#### What to work on
Only one span of the material below is wanted. Output it exactly, from the line with "EB Williams HVAC" through the line with "The 12 Dancing Barbie Princesses", without any pictures.

#### Data for analysis

◇ ◇ ◇

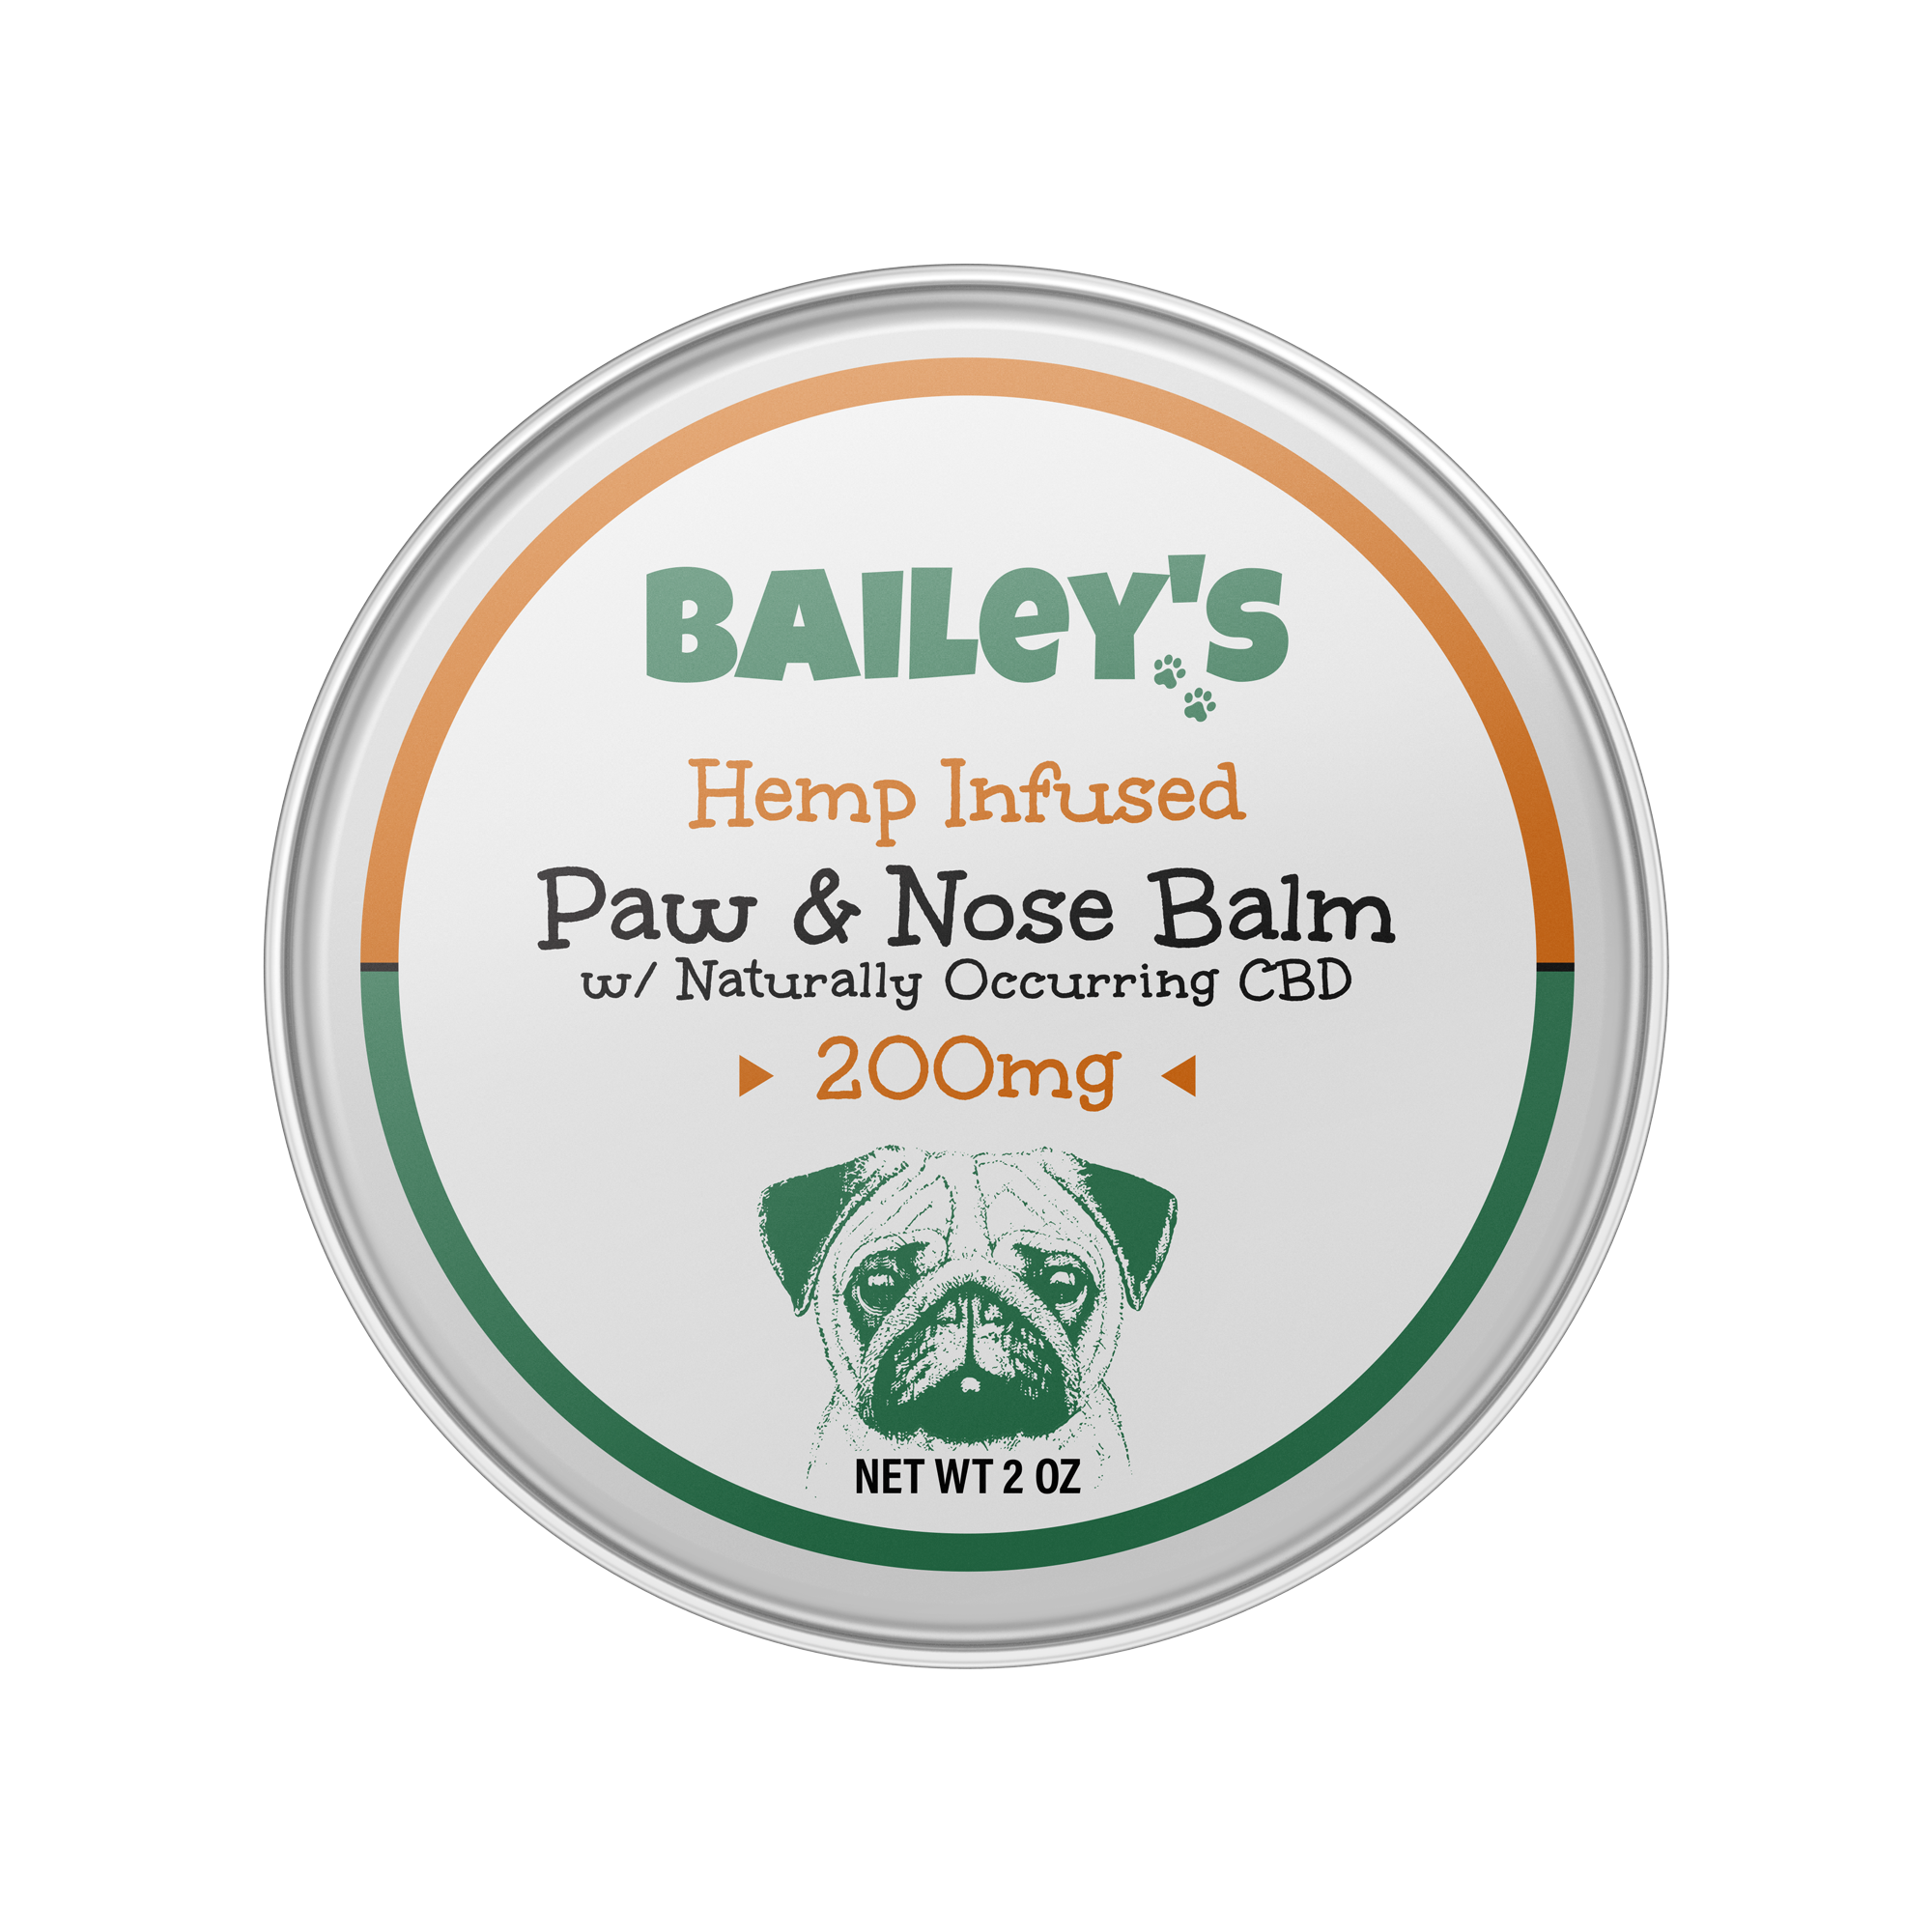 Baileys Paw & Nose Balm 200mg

◇ ◇ ◇

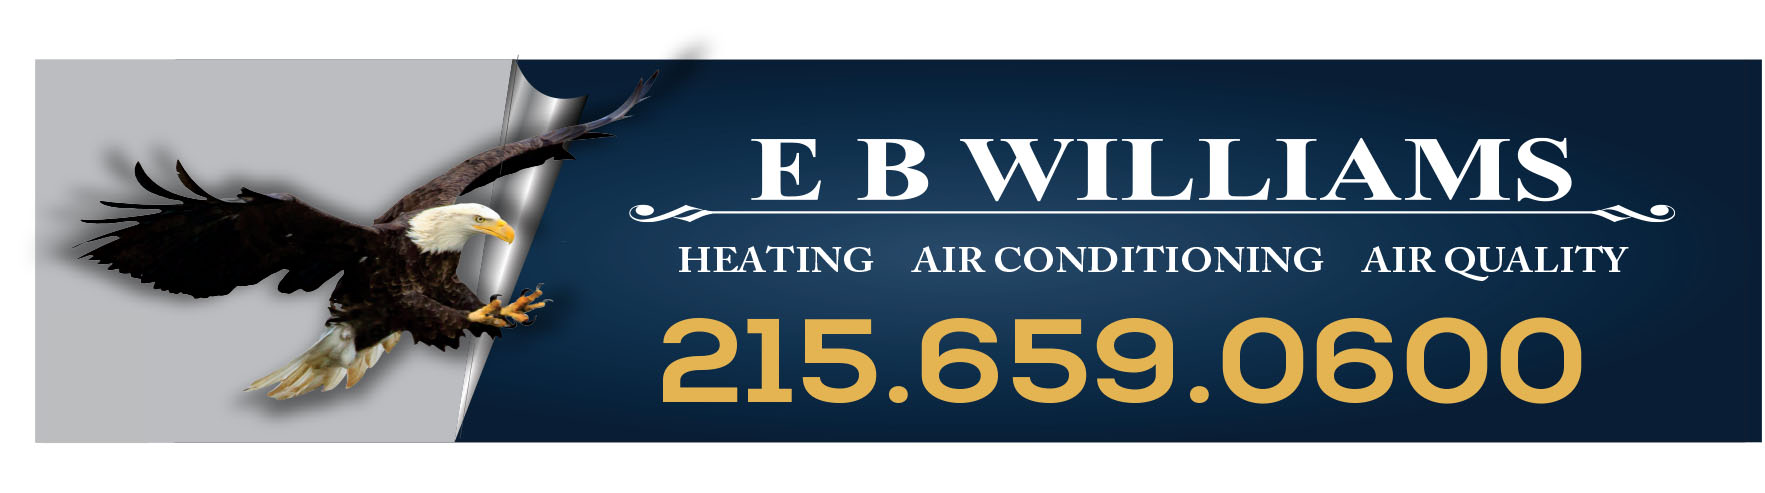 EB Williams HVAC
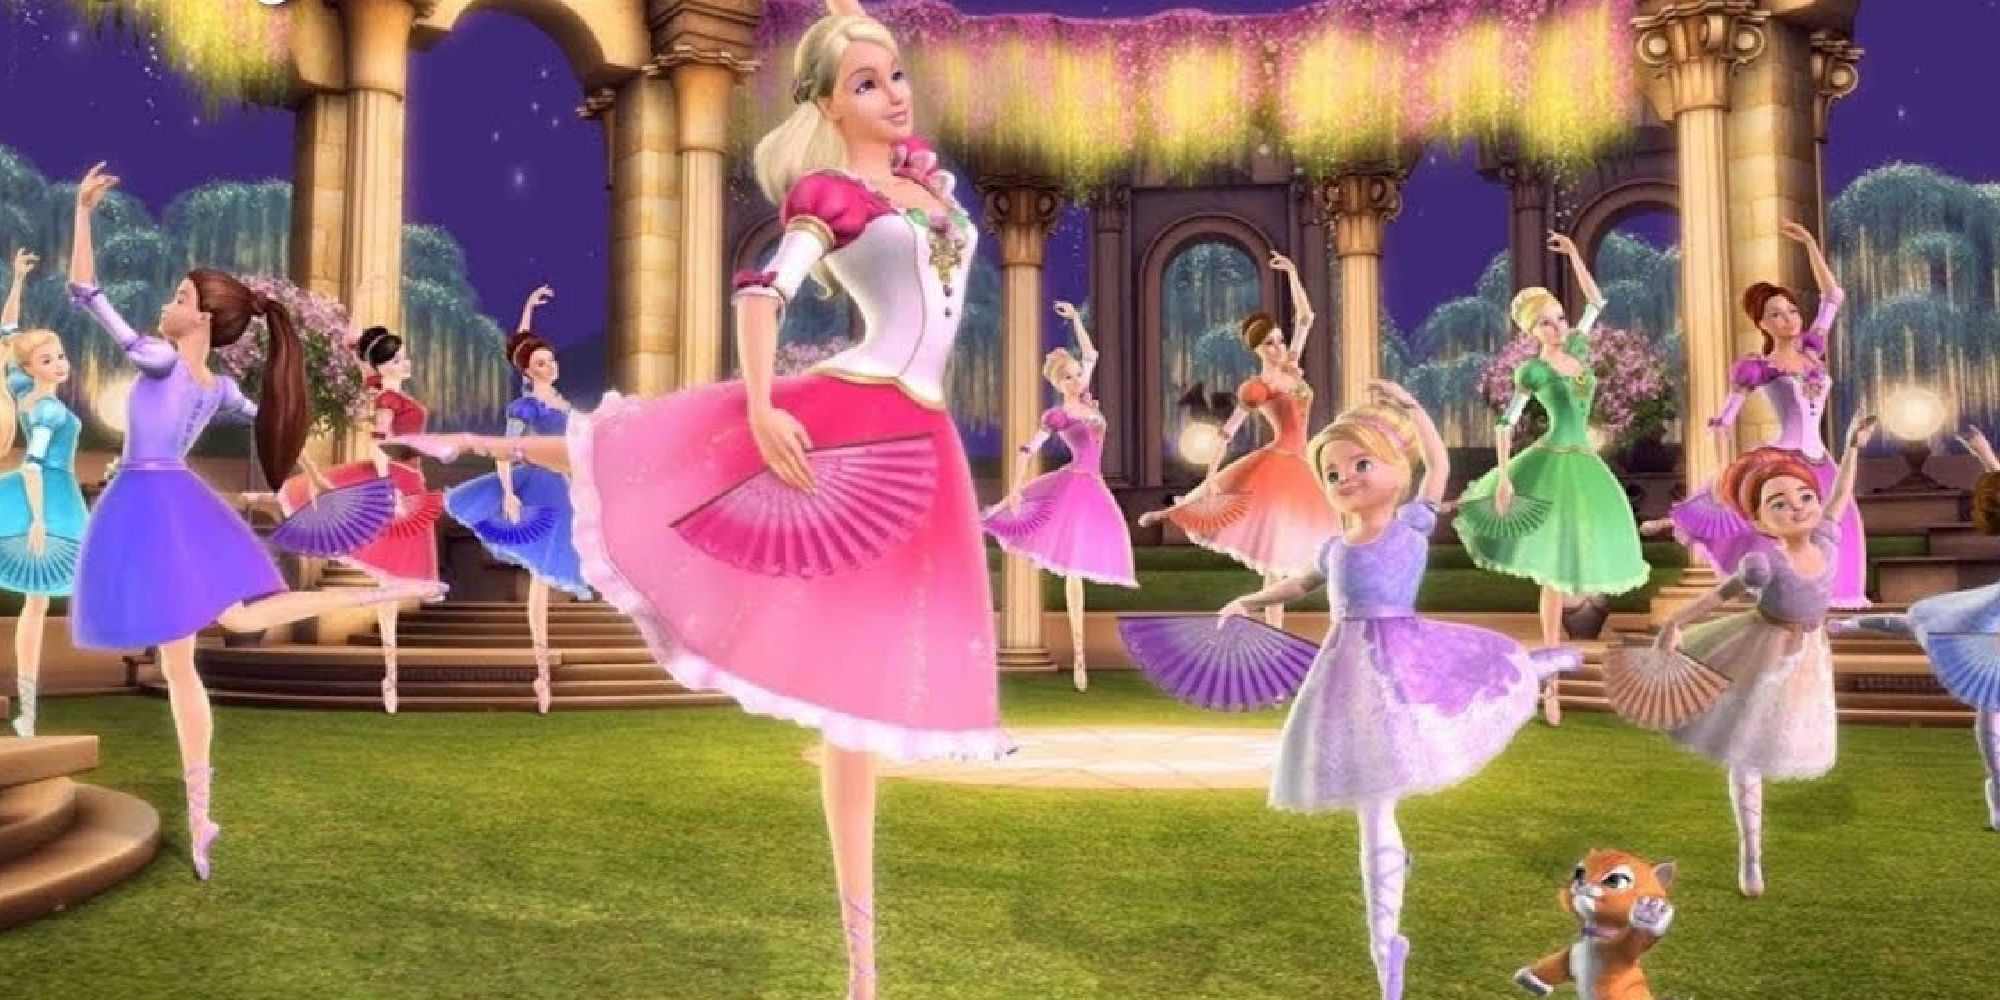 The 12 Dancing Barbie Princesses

◇ ◇ ◇

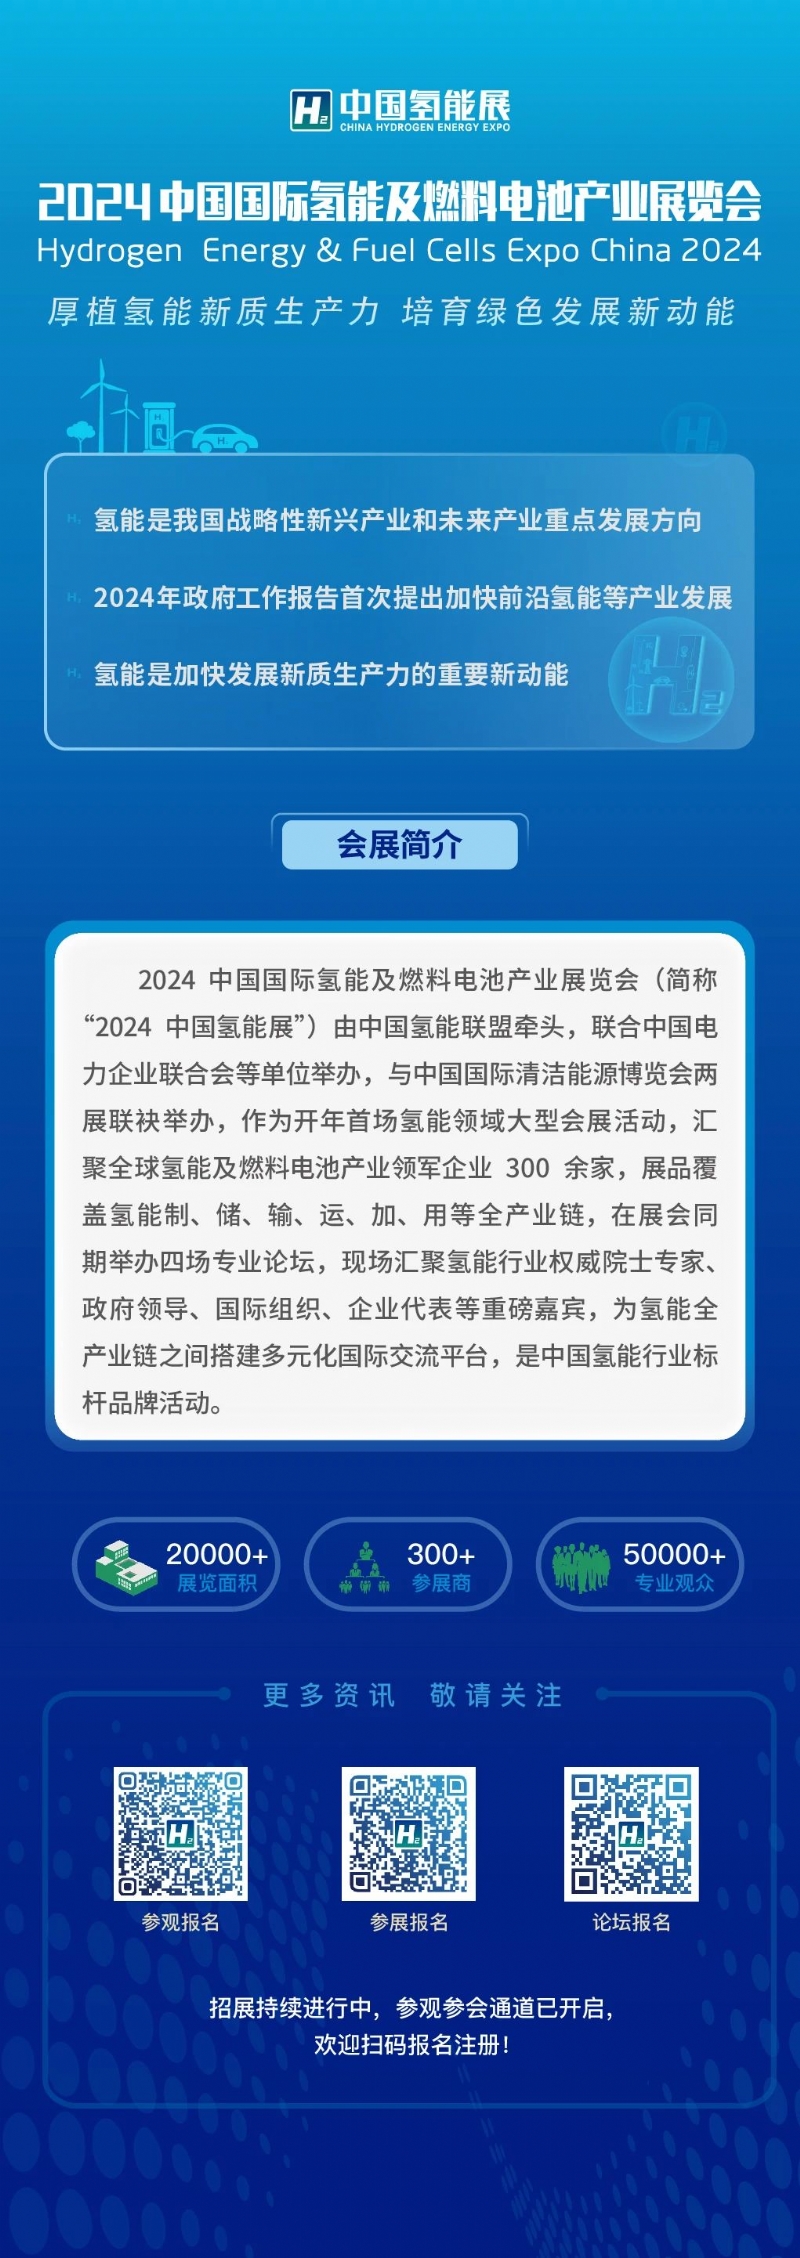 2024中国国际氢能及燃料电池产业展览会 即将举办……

◇ ◇ ◇

#### Response to this exercise
 EB Williams HVAC
 The 12 Dancing Barbie Princesses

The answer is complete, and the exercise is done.